In May, the fund led a $2 million seed financing for AtYourGate, an app that facilitates delivery of purchase from eateries and shops at San Diego International Airport for a $2.99 fee.

Thukral said the Triton Funds team learned about the startup through students and faculty who use the app when they travel.

Investments in startups won’t be a primary focus of the fund, however, they said.

Most of its private investment will be in public companies, for two reasons: The transparency inherent in such transactions, and the potential for students to see an “exit,” so to speak, during their time with the fund.

Also in May the fund announced it put $500,000 into Bravatek Solutions Inc., an Austin, Texas-based cybersecurity company.

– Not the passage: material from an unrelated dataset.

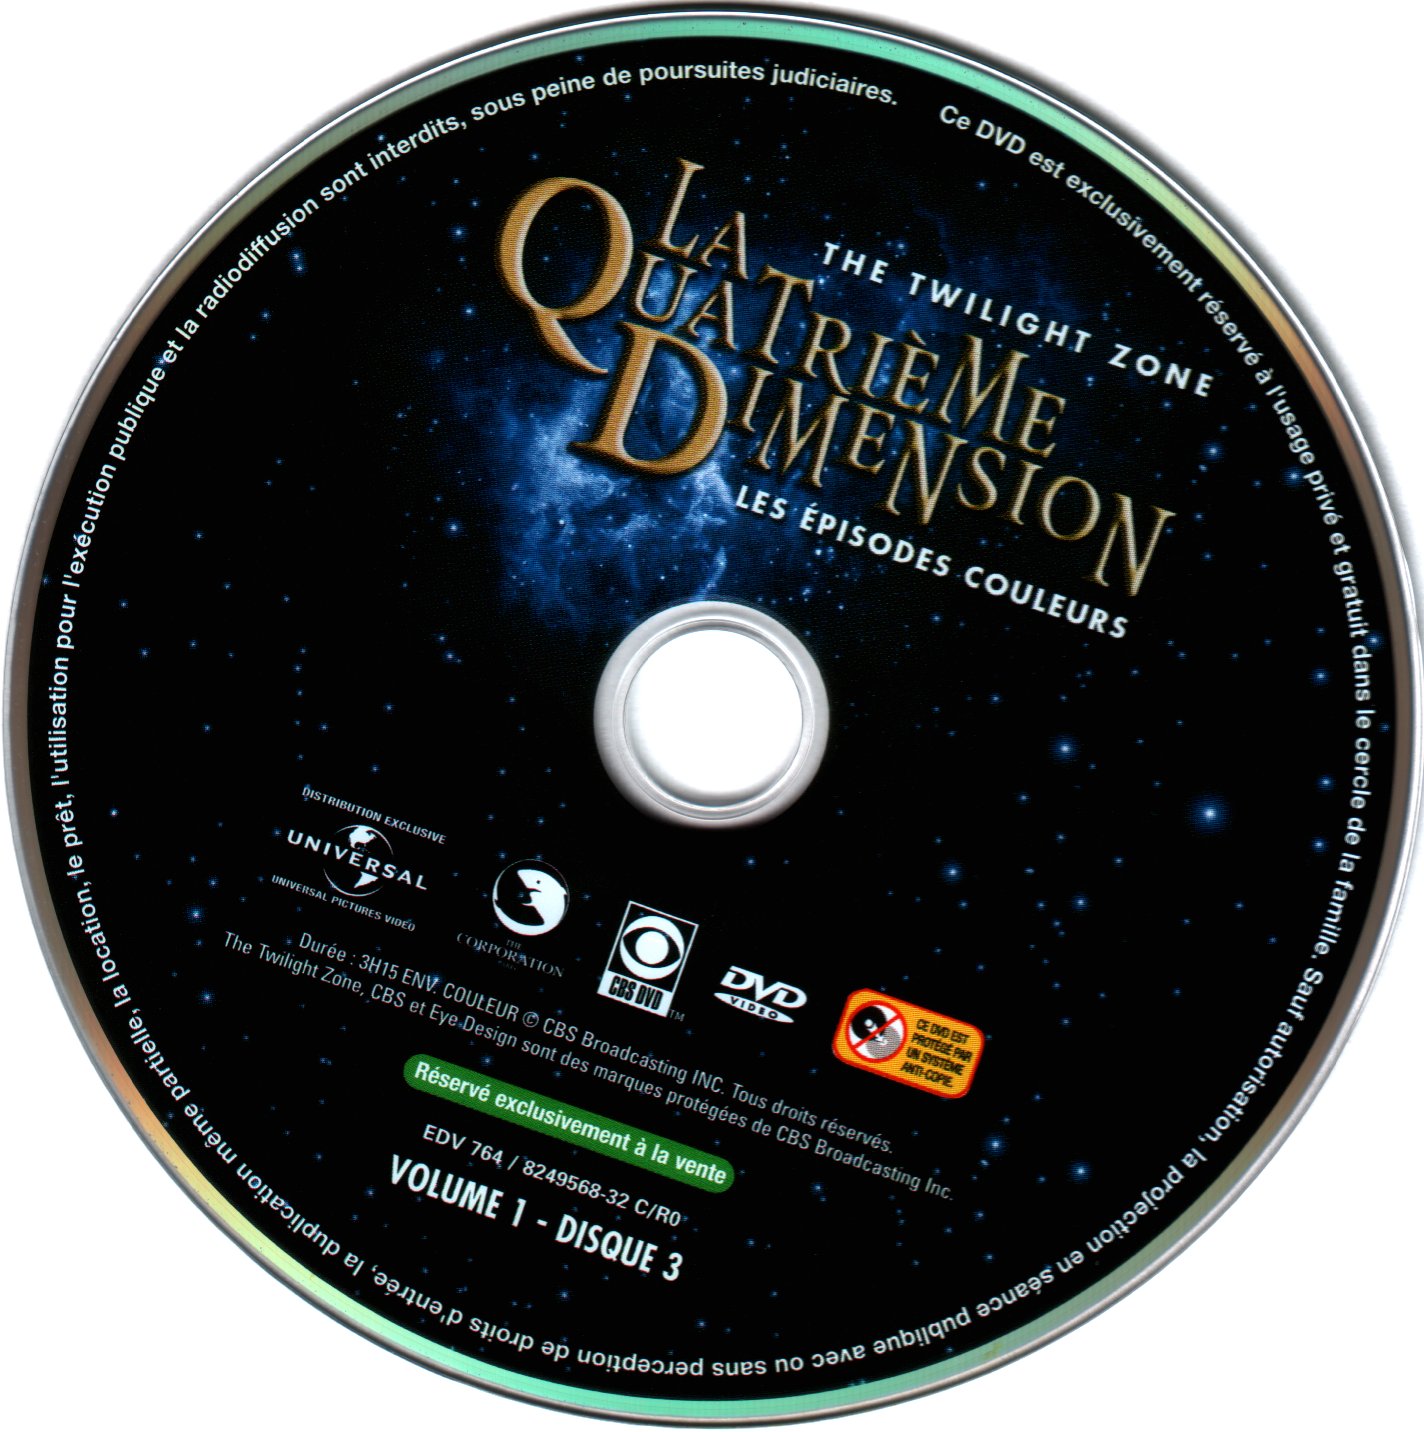 La quatrime dimension - Episodes couleurs vol 1 DVD 3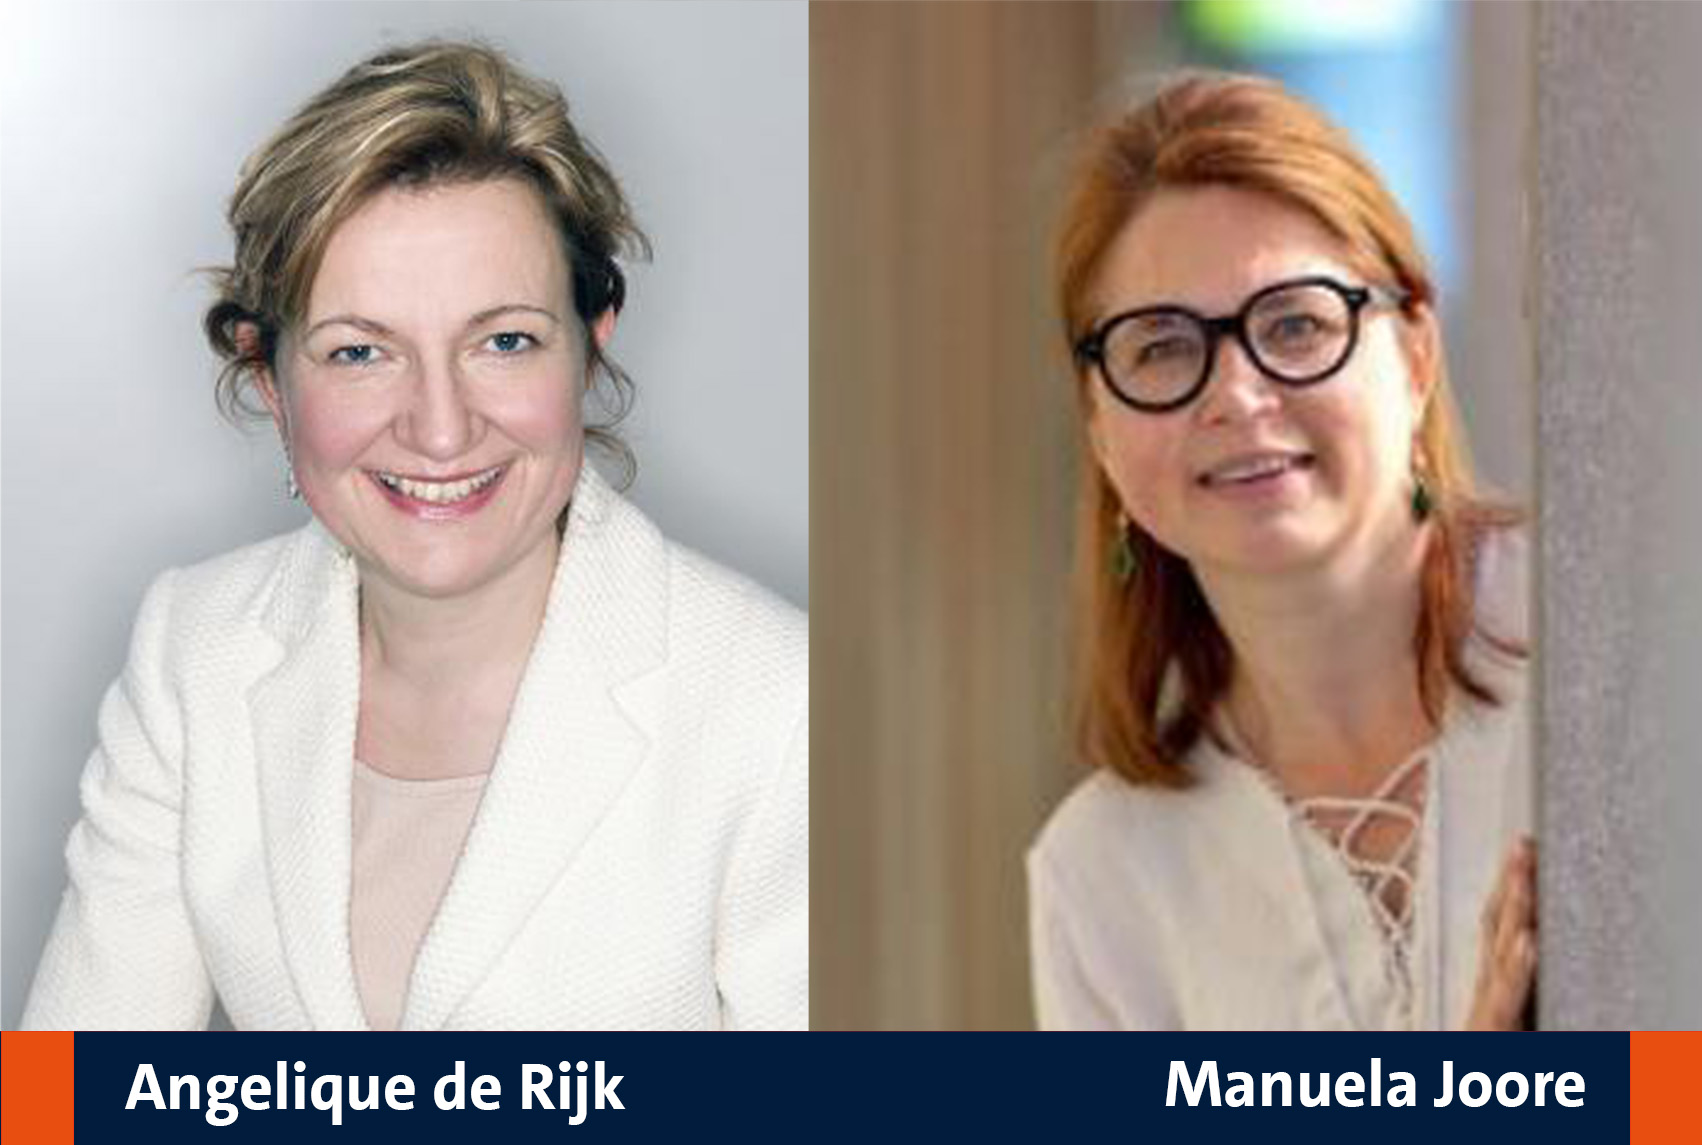 Manuela Joore and Angelique de Rijk join committee

The month prior the fund invested $1 million in DigitalTown Inc., which is creating blockchain-based platforms for municipalities.

And its first investment of $600,000 was in APT Systems Inc., which is developing mobile trading tools.

Economic Improvement

Each of the companies, with the exception of AtYourGate, trade over the counter.

Each have the potential to improve the economy millennials are slated to inherit, the Triton Funds team said, which is a factor in its investment decisions.

In addition to Triton Funds’ three founders, about 10 other students have roles with the fund, for which UCSD will provide academic credit.